§ **Description of the task**
Print out the data exactly, keeping every image out of it.

§ **Provided material**
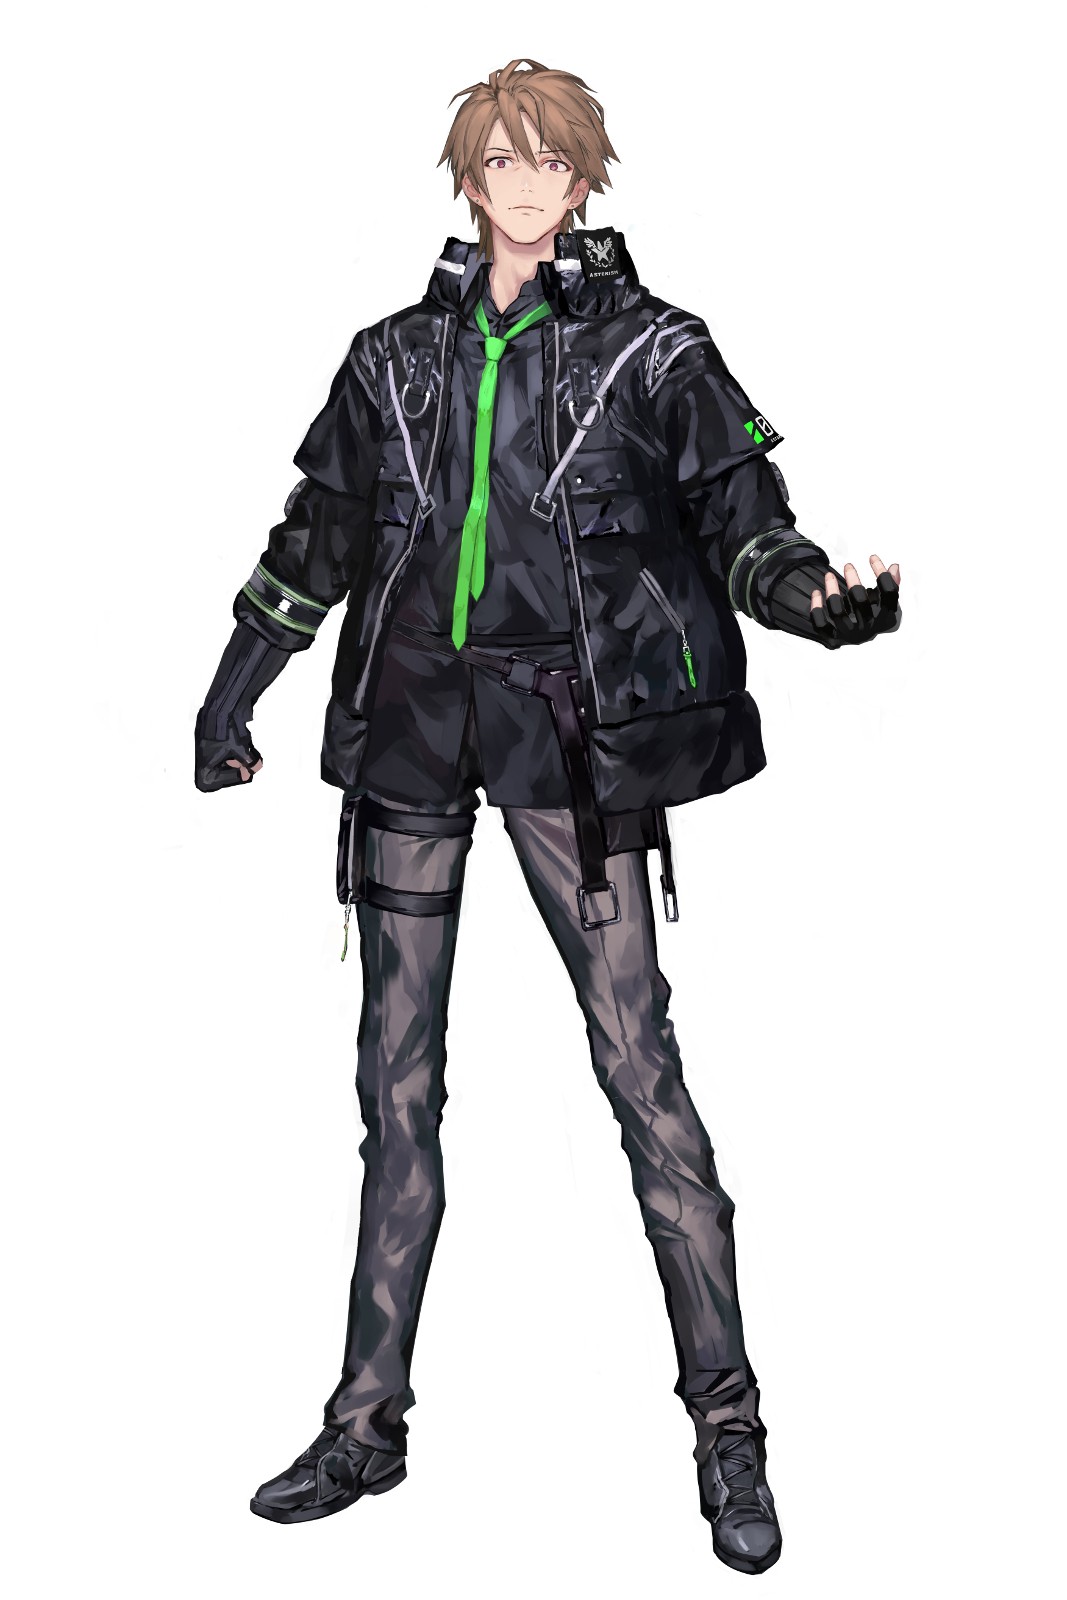 模拟战略 RPG《Relayer》公布明坂聪美饰演的主角 “泰菈” 等登场角色资讯
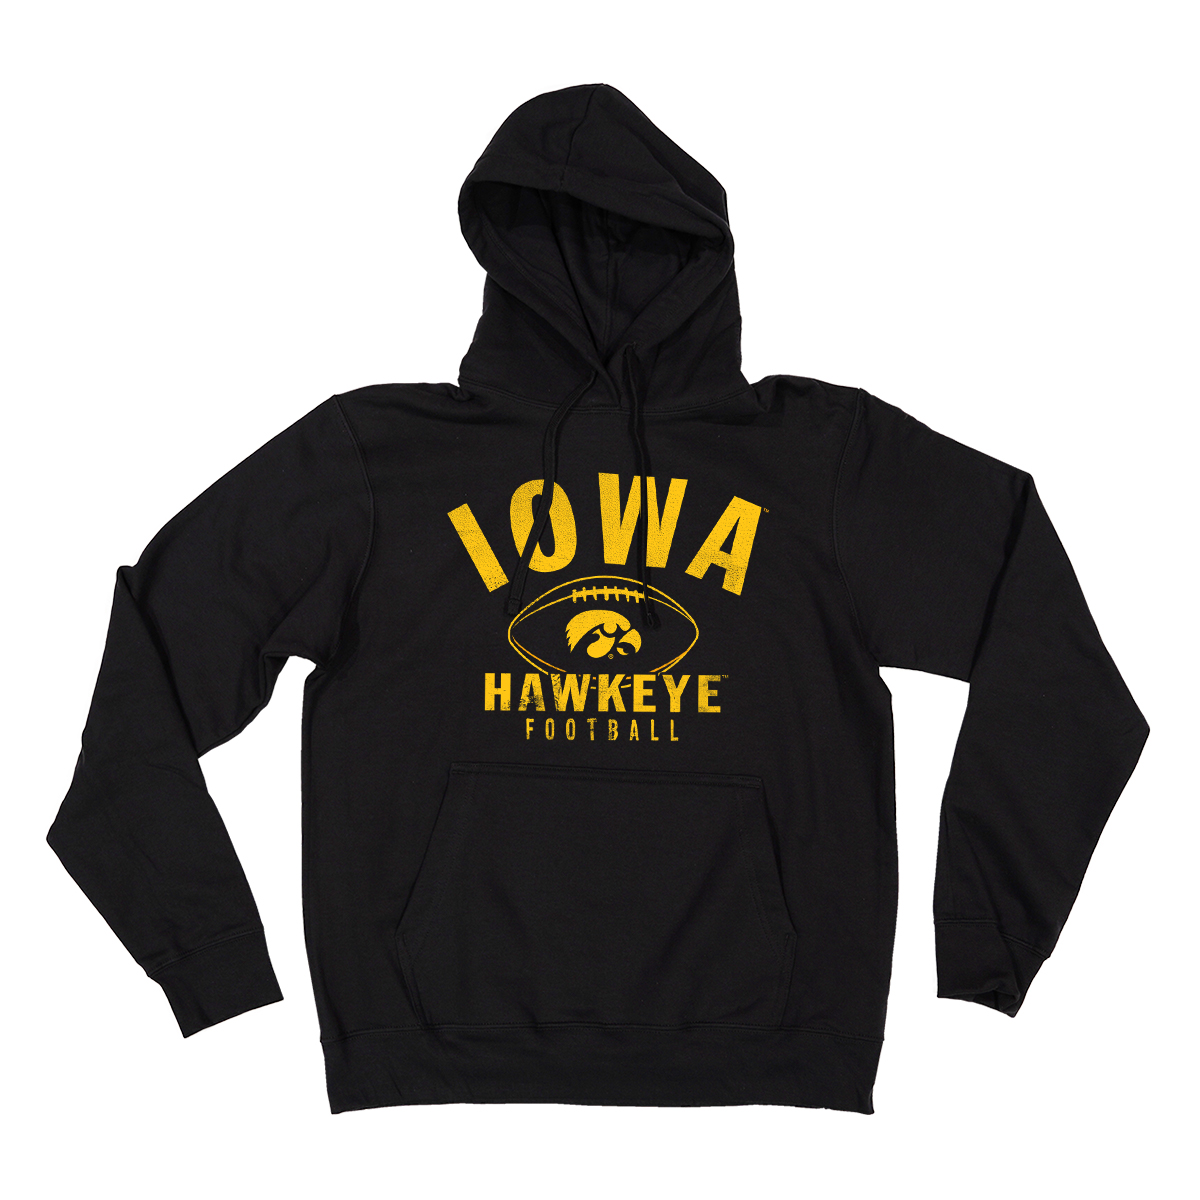 Iowa Hawkeye Football Hooded Sweatshirt-Black - Adcraft USA
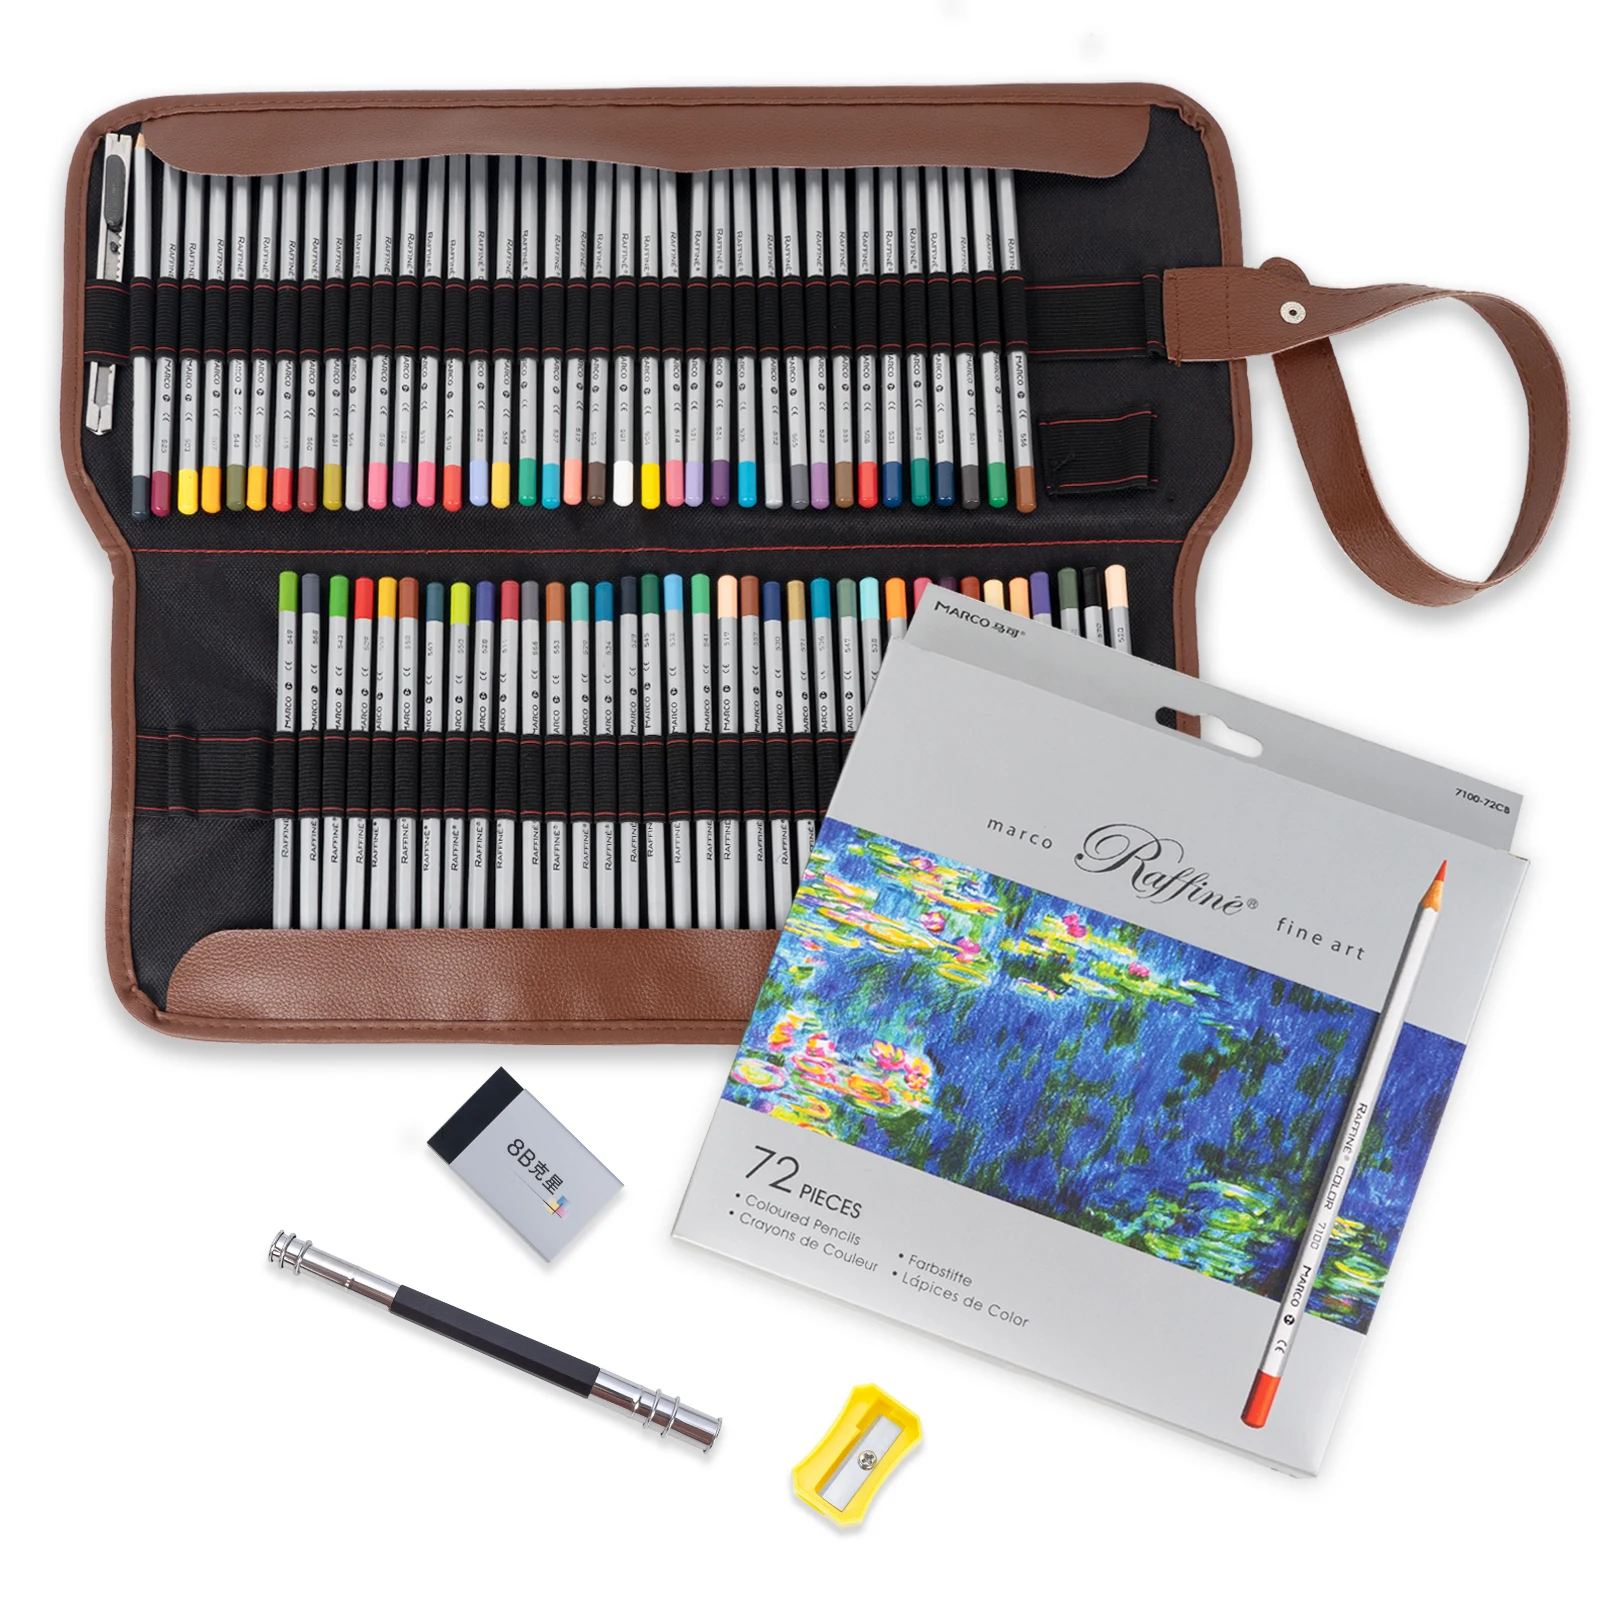 

Marco набор профессиональных масляных цветных карандашей 48/72 цветов, нетоксичные карандаши для рисования, фотография с холщовой сумкой для ка...

§ **Output of the exercise**
 模拟战略 RPG《Relayer》公布明坂聪美饰演的主角 “泰菈” 等登场角色资讯
 Iowa Hawkeye Football Hooded Sweatshirt-Black - Adcraft USA

Marco набор профессиональных масляных цветных карандашей 48/72 цветов, нетоксичные карандаши для рисования, фотография с холщовой сумкой для ка...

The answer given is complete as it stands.